Para começar, ressuspenda o peptídeo sintetizado que atua como um controle positivo em uma concentração de 0,1 miligramas por mililitro em DMSO. Misture o peptídeo ressuspendido com o peptídeo H4 de histona biotinilado para criar uma curva padrão. Em seguida, montar as reações de acetilação em duplicata em placas de PCR de 96 poços.
Uma reação de 20 microlitros deve ser composta por 10 microlitros da enzima, um microlitro de peptídeo H4, um microlitro de tampão 20X e um microlitro de TDT. Adicione um microlitro de DMSO ou o composto de teste em cada poço. Pipetar suavemente a mistura para misturar.
Em seguida, incube a mistura no gelo por 10 minutos para permitir a complexação do inibidor enzimático. Para a continuação da reação de acetilação, combinar dois microlitros de 4-Penten óleo co-enzima A com quatro microlitros de água. Adicione seis microlitros dessa mistura aos poços.
Após uma mistura suave, centrifugar a mistura a 300G durante 30 segundos à temperatura ambiente. Incubar o conteúdo a 37 graus Celsius por uma hora em tubos tampados. Temperar o conteúdo com 20 microlitros de ureia de oito molares e armazenar a menos 20 graus Celsius até processamento posterior.
Em seguida, pipete 80 microlitros de PBST em cada poço de placas pretas de 96 poços pré-bloqueadas BSA revestidas com NeutrAvidin. Adicione 40 microlitros de conteúdo de reação nos poços da placa. Em seguida, pipetar os peptídeos de curva padrão em duplicata para os poços restantes.
Agite suavemente os peptídeos em um agitador orbital por uma hora à temperatura ambiente para facilitar a ligação. Quando a ligação estiver completa, aspirar o líquido dos poços. Use uma lavadora de pratos para lavar os poços com 200 microlitros de PBST.
Para a reação de clique, adicione a mistura de cobre THPTA ao ascorbato de sódio em água e a azida de biotina em DMSO. Distribua 19 microlitros dos reagentes recém-misturados em cada poço. Sele a placa com papel alumínio.
Em seguida, incube-o a 37 graus Celsius por uma hora. Aspirar a solução dos poços antes de lavar como antes. Em seguida, adicione 100 microlitros de mistura diluída de Streptavidin horseradish peroxidase em cada poço.

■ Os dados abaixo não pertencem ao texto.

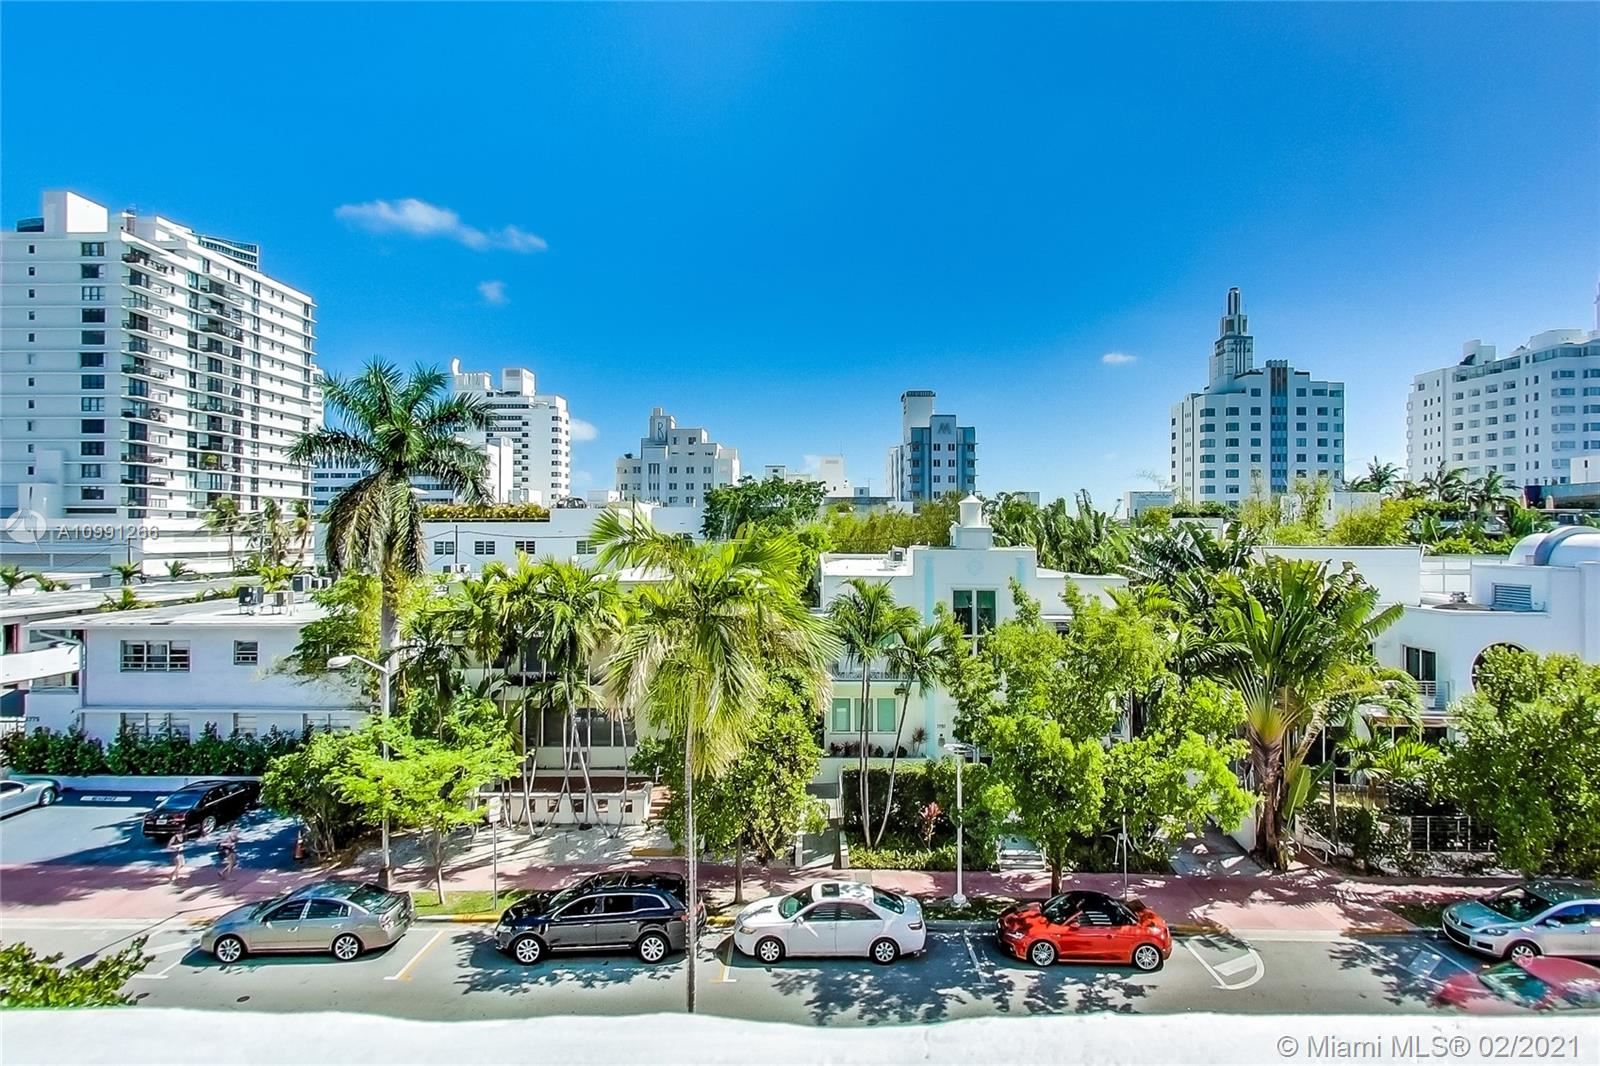 1750 James Ave #4F, Miami Beach, FL 33139 - #: A10991266

Incubar à temperatura ambiente durante uma hora com agitação suave num agitador orbital. Para combinar os reagentes de detecção Amplex Red, pipete 500 microlitros de peróxido de hidrogênio diluído para o reagente Amplex Red. Adicione 50 microlitros desta mistura a 4,5 mililitros de fosfato de sódio.

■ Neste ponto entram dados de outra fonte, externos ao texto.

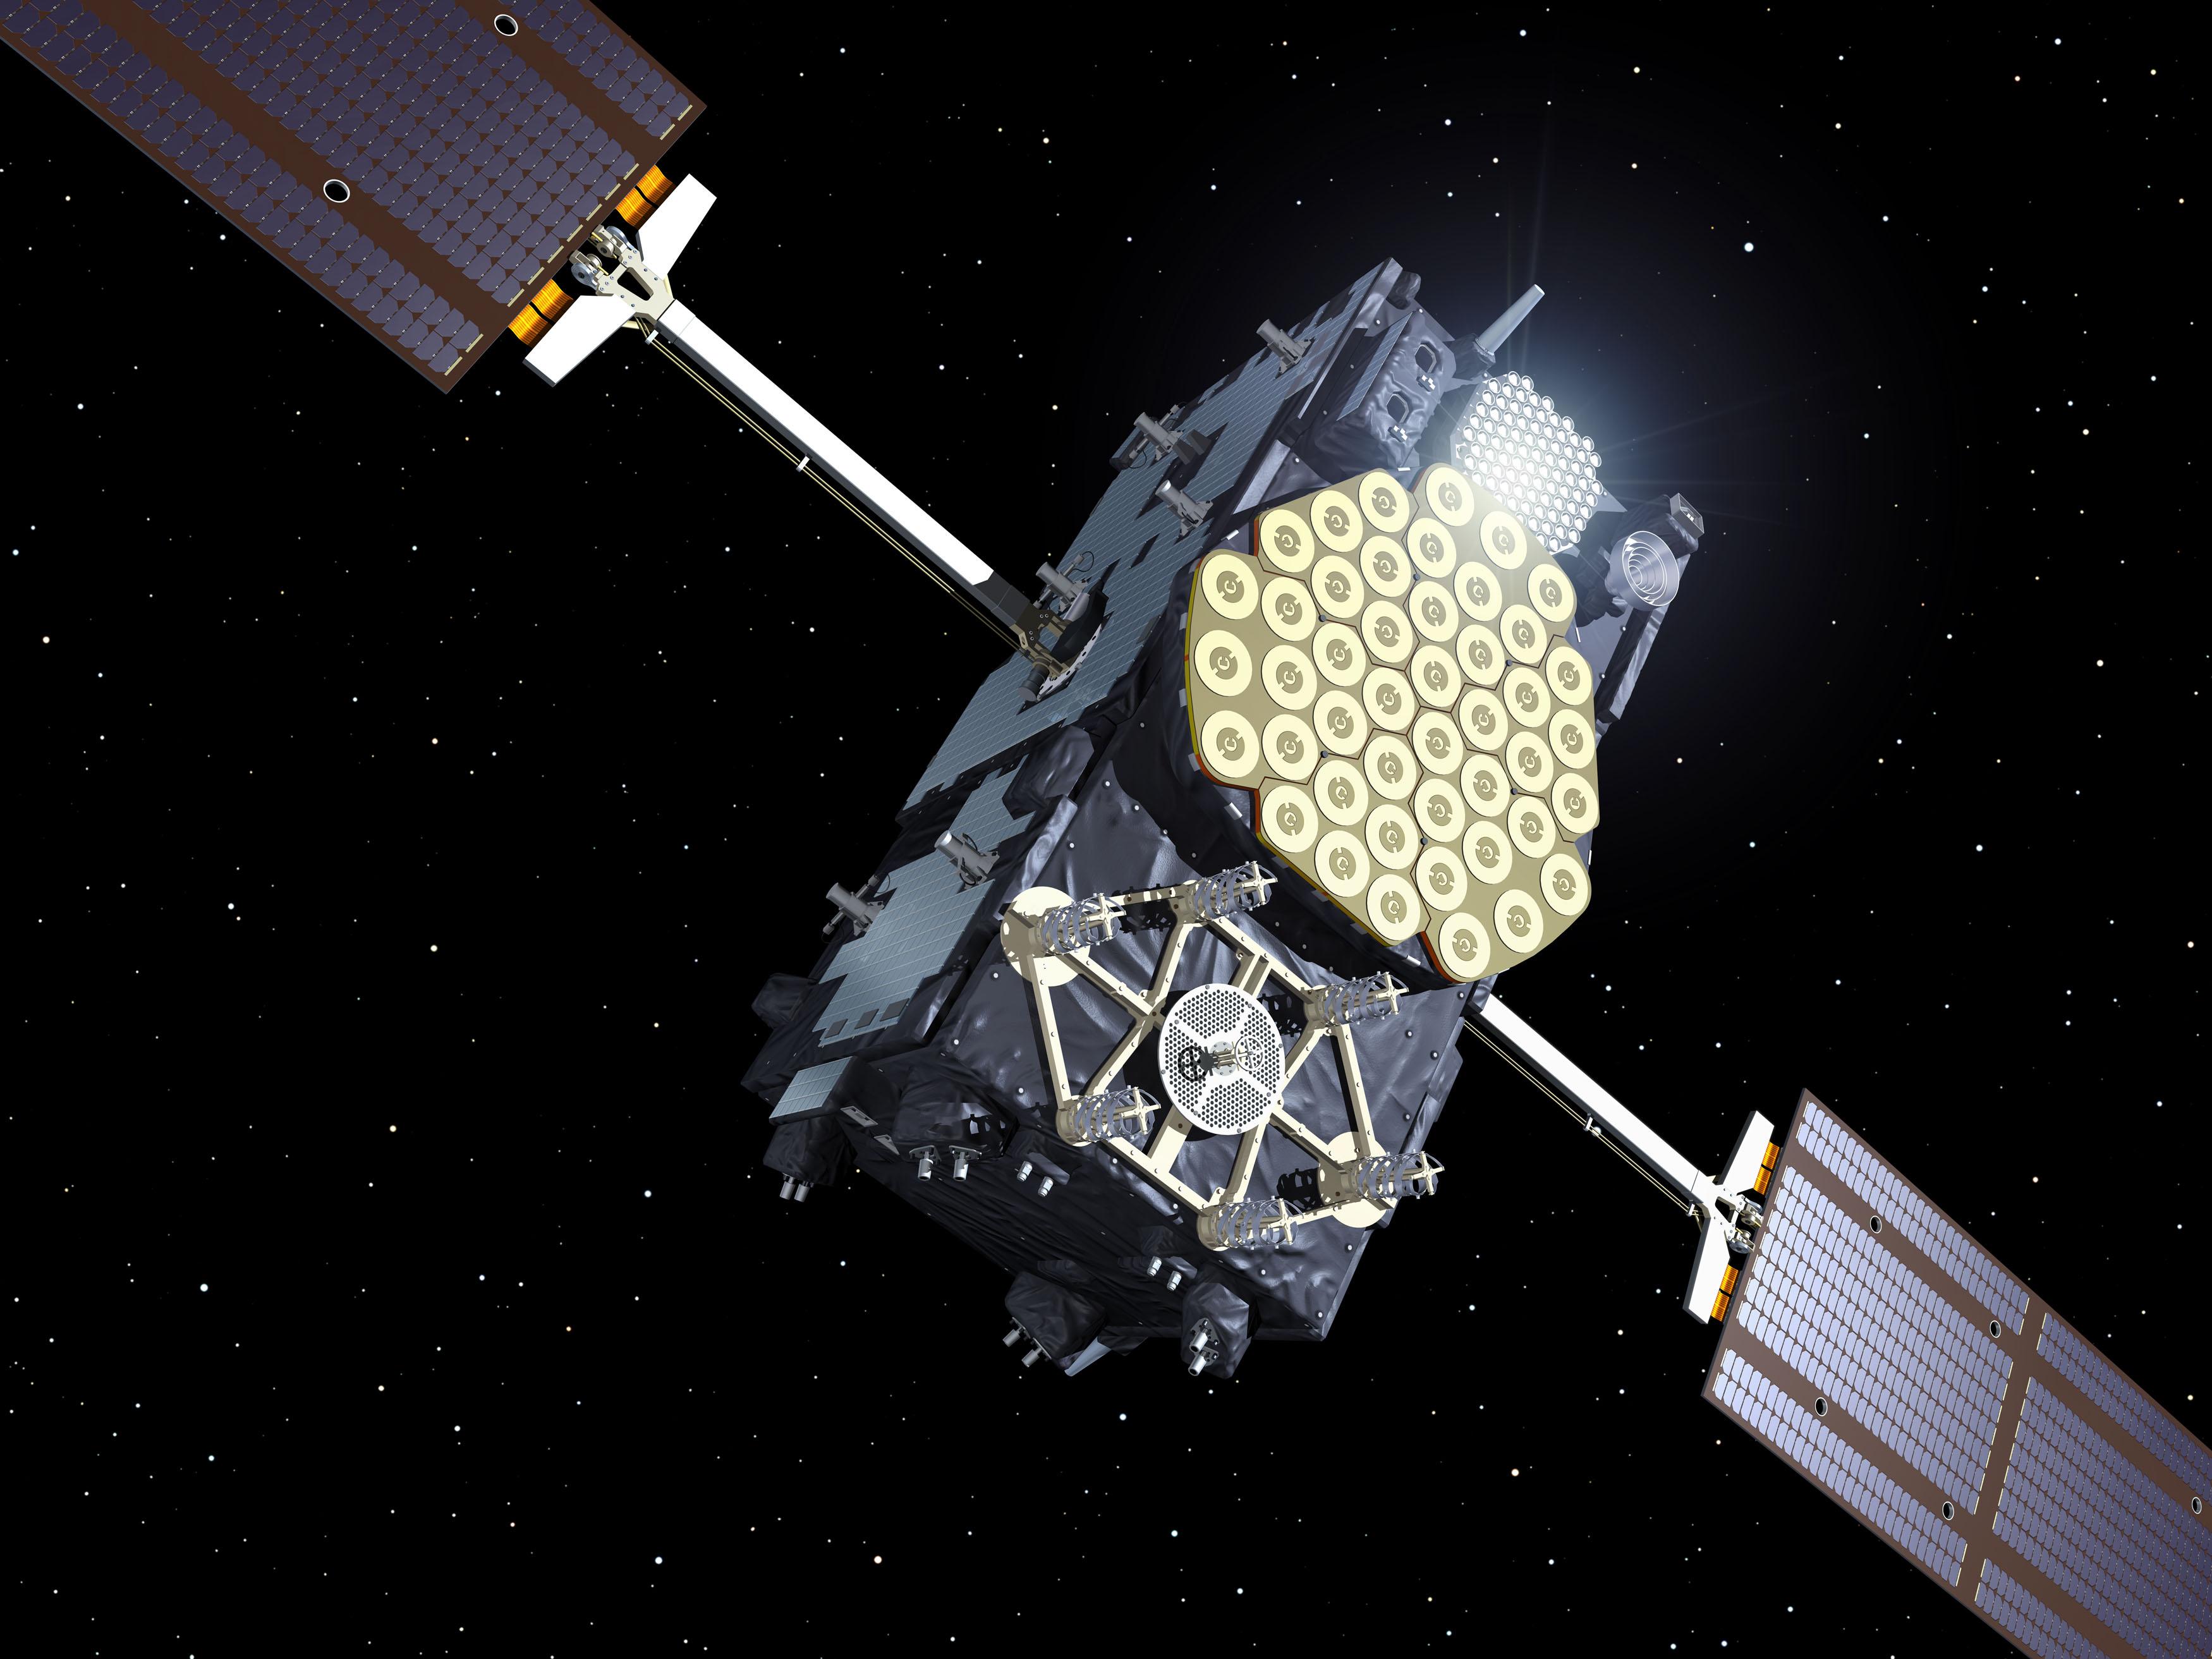 Wayward European satellite is back on track, transmits first

Pipetar 100 microlitros da mistura de reação Amplex Red para os poços lavados. Em seguida, incube a placa à temperatura ambiente por 30 minutos longe da luz. Inicie o software SmartControl e clique em Plate Out.
Depois que a placa for transferida para o instrumento, clique no ícone Amplex Red e altere o layout da placa. Pressione o ícone Amplex Red novamente para ver o layout alterado. Em seguida, selecione os poços padrão no canto superior esquerdo do layout.
Altere o nome do arquivo e pressione Iniciar Ajuste. Uma vez definido o ganho, clique em Iniciar medição. Pressione Estado atual para observar a medição em tempo real.
Quando a medição estiver concluída, feche a guia. Em seguida, clique em Abrir Última Execução no painel superior. Navegue até a guia Marte.
Em seguida, pressione Exportar para Excel no menu inicial para exportar os resultados dos dados. Observou-se que os compostos A e C inibem a atividade do HAT1 em quase 100% para várias diluições.